Обнимаю мужчину за шею и стараюсь укутать своей меховой накидкой, чтобы передать ему хоть немного тепла. Он мягко улыбается на этот жест, но почему-то мне кажется, что на его губах застывают печаль и боль.
Золотистый взгляд сползает по моему лицу на губы, и я пялюсь на Генри, не в силах отвести глаз. Высокий лоб, выраженные поперечные морщинки, скос ровного носа и слегка посеревшая от холода смуглая кожа. От света фонарей темные волосы кажутся с синим отливом. Тонкая линия губ прячет белую нить ухоженных зубов, а ресницы прикрывают глаза цвета сухой травы.
Морозное дыхание стягивает кожу, обвожу языком обветренные губы и замечаю взгляд Генри.
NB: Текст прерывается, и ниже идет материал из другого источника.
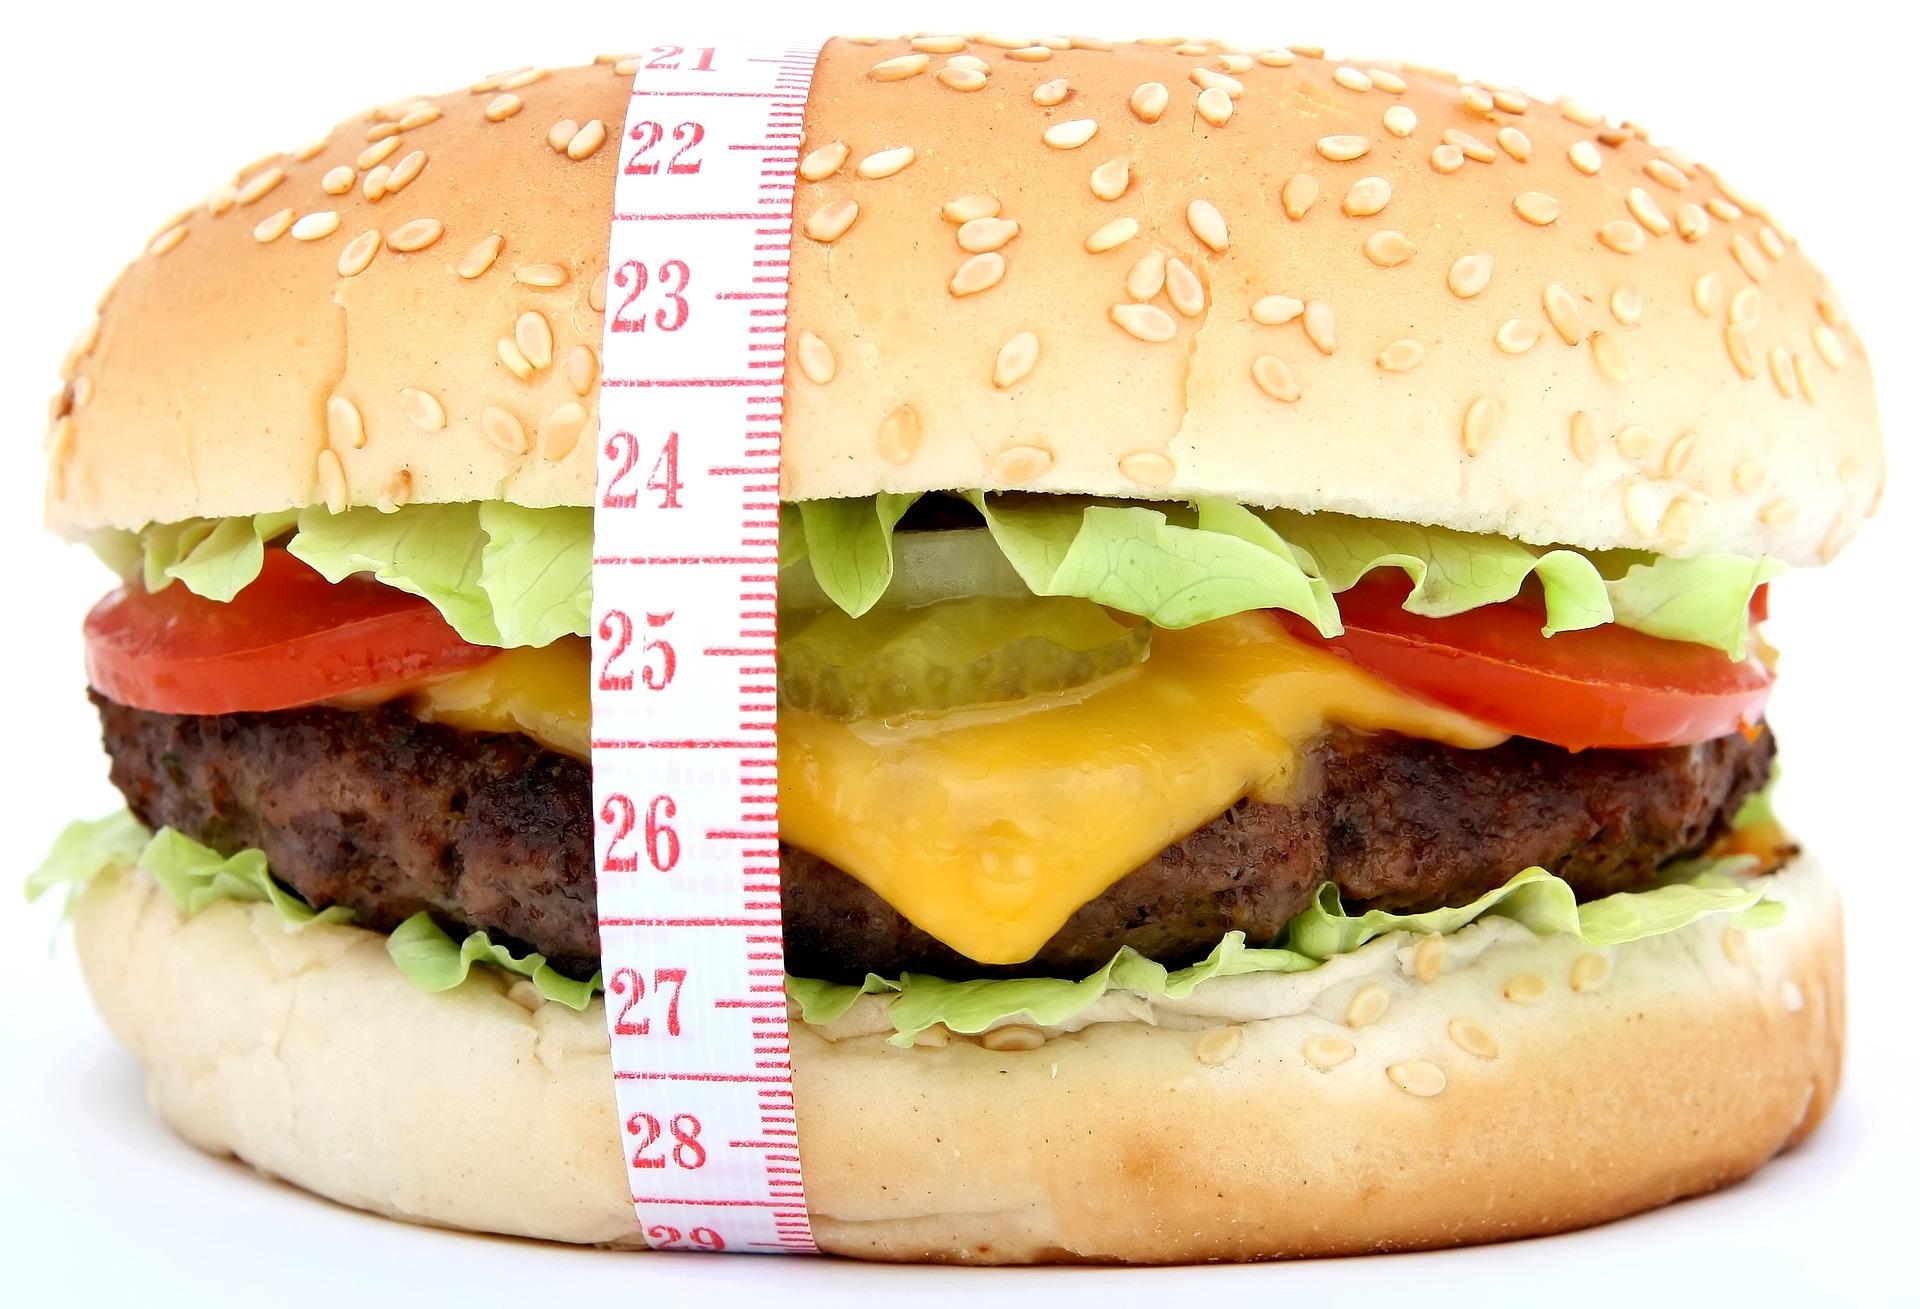 appetite-1239200_1920.jpg

– Тогда не позволим ей злорадствовать, – говорит он хрипловато и, сворачивая к охранному корпусу, стучит ногой по воротам.
Знаю, что галерея – это его дом, только вход в жилую часть с другой стороны.
Я любуюсь мужественным углом чисто выбритого подбородка Севера, а он строго бросает в сторону:
– Игорь, набери Егора: пусть валит домой!
– Да, конечно, – отвечает кто-то, а меня от слабости неожиданно накрывает темнотой.
Я прижимаюсь к Генри и почти задыхаюсь от терпко-мускусного запаха его кожи.
Глава 10
=Генри=
Что я творю? Петля на шее все туже, гвоздь в сердце все глубже, а надежд меньше и меньше…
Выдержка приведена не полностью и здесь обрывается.